There are 5 groups of positions:

Defenders - 6 on-field players and 2 on bench.

Midfielders - 8 on-field players and 3 on bench.

Rucks - 2 on-field players and 1 on bench.

Forwards - 6 on-field players and 2 on bench.

Flex - 1 on-field player of any position.

=== Captains and vice captains ===
For each round, entrants set a captain, for which their score is doubled. A vice captain is also selected, who gets their score doubled if the player selected as captain does not play.

=== Emergencies ===
Emergencies are used on up to four players on the bench. If a player on the field does not play, the emergency's score for that position (defender, midfielder, ruck or forward) comes on. If there are 2 emergencies in one position, the lowest scoring player comes on for that position (except for players that scored less than 1 point). The Flex player does not have an emergency.

=== Substitutions ===
You can substitute a player at anytime until their match starts. If the player is midfield, the player can only be substituted for a player on the bench from the midfield that is also yet to play. If you have a player listed as midfield and forward, they can be swapped with another player listed as midfield and forward.

=== Trades ===
Each entrant is allocated 40 trades and can perform a maximum of 2 per week (3 in multi-bye rounds), with 5 trade boosts that offer an extra trade per round. Trades can be reversed until the start of the first match for each round.

== Leagues and Groups ==
You can join or be part of 10 leagues. When you join, you will automatically be entered in a league. You will compete head-to-head each round with other people in the league. The league will have its own fixture with 4 points for a win, 2 points for a draw and 0 points for a loss. Public leagues are with random people, while private leagues have a join code. There is a Finals series played out over the last rounds of the AFL season.

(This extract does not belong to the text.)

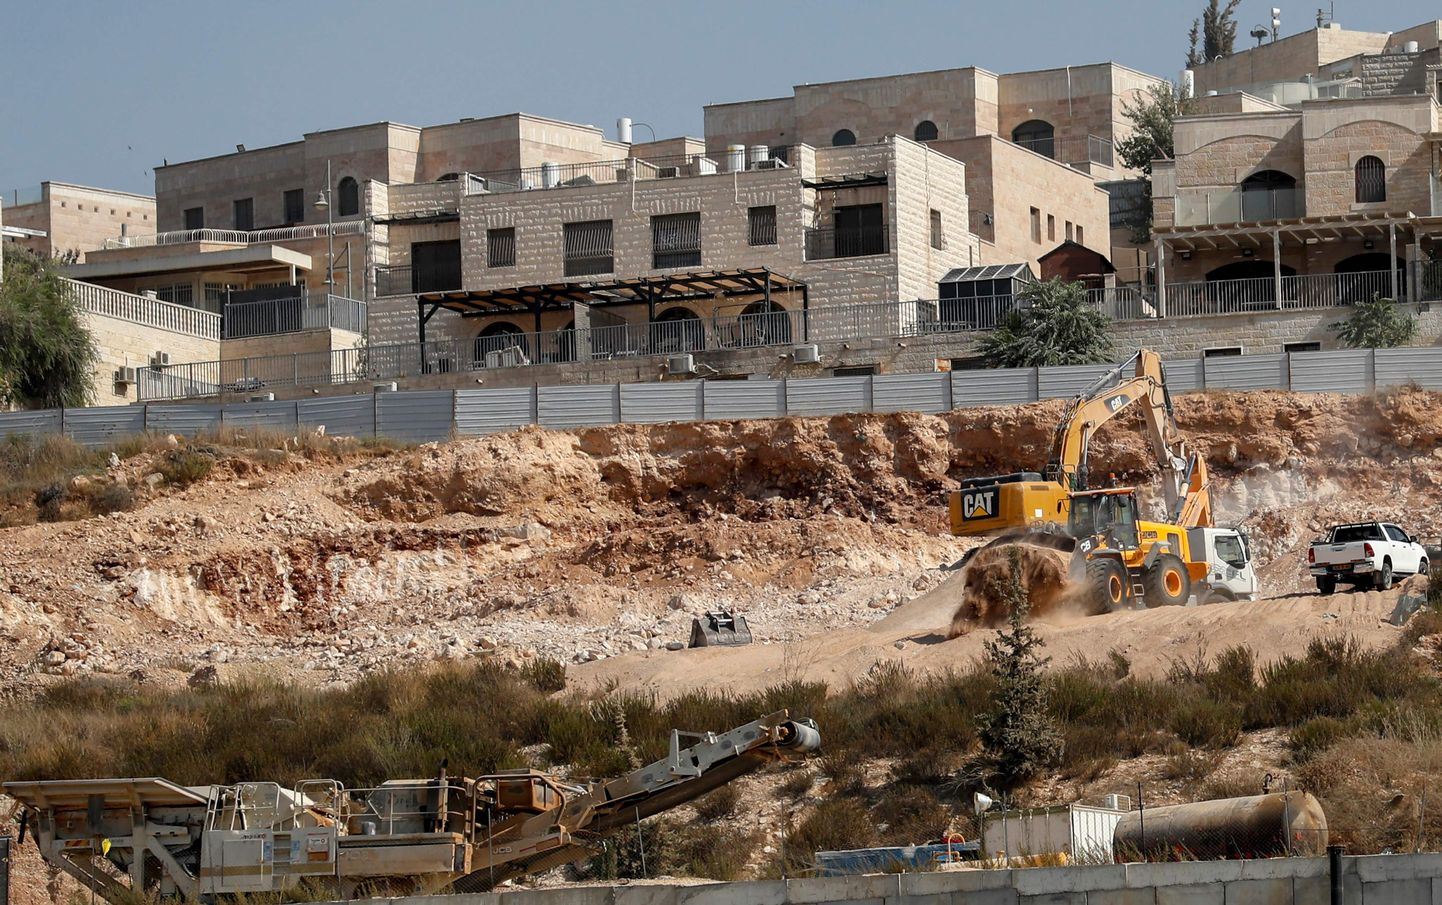 Käimasolevad ehitustööd Ramat Shlomo juudi asulas, mis asub Iisraeli poolt annekteeritud Jeruusalemma idasektoris.

Groups are based on the total number of points and can have an unlimited number of teams.

== Supercoach Plus ==
Costing $29.95 annually, it helps by having a team picker before you can register, optimiser to predict the best possible line up, breakevens, projected scores and players price increases, prediction if players will perform well or poor for the week, bye round indicators, access to Supercoach Plus articles and double prizes for the weekly cash winners.

== Records ==
In Round 7 2006, Jonathan Brown got the highest-ever SuperCoach score—262—against Hawthorn. He got 18 kicks, 7 handballs, 16 marks, 8 goals, 4 behinds, 1 tackle and 1 free kick for. As of March 31, 2025, it remains the record.